WHAT NEEDS TO BE DONE:
Please take the records that follow and repeat exactly the lines starting with the line with "Billabong Sundays Woven Shirt (Little Boys)" and going on through the line with "Re:[原创]WUH武汉天河机场拍机之精彩满满的十月(还可能更新) BOEING 787-9".

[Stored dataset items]
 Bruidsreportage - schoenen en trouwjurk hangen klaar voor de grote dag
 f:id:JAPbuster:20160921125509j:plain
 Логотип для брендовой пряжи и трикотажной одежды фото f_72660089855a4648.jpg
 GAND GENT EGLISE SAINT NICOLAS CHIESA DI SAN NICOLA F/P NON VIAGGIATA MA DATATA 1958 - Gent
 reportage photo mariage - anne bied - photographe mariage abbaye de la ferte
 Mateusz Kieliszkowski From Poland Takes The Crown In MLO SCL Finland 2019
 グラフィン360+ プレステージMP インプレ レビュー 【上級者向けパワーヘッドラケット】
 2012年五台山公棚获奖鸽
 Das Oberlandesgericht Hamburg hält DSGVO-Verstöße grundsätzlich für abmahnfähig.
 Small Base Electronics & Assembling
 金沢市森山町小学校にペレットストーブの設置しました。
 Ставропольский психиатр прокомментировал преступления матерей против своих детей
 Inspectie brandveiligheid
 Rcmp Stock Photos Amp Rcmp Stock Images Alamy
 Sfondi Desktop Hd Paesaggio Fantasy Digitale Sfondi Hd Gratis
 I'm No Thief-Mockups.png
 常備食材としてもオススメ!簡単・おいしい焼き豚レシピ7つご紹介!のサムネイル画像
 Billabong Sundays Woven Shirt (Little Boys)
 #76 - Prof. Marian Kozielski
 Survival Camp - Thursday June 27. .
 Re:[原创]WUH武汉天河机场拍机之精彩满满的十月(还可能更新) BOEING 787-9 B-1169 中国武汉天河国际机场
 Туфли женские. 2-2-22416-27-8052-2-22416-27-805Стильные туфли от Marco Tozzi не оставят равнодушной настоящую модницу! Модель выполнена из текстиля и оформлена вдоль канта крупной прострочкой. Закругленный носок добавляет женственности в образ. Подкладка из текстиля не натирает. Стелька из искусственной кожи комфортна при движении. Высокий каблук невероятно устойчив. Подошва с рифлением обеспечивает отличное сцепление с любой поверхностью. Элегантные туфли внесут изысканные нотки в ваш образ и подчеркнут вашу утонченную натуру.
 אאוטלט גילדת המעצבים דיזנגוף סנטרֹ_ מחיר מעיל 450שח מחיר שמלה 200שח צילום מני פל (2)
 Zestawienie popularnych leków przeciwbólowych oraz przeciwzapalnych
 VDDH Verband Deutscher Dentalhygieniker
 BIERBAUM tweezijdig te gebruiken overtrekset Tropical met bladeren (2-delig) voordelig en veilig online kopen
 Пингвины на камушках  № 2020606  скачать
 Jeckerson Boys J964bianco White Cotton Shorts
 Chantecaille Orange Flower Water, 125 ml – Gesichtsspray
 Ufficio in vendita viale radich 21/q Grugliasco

RESPONSE:
 Billabong Sundays Woven Shirt (Little Boys)
 #76 - Prof. Marian Kozielski
 Survival Camp - Thursday June 27. .
 Re:[原创]WUH武汉天河机场拍机之精彩满满的十月(还可能更新) BOEING 787-9 B-1169 中国武汉天河国际机场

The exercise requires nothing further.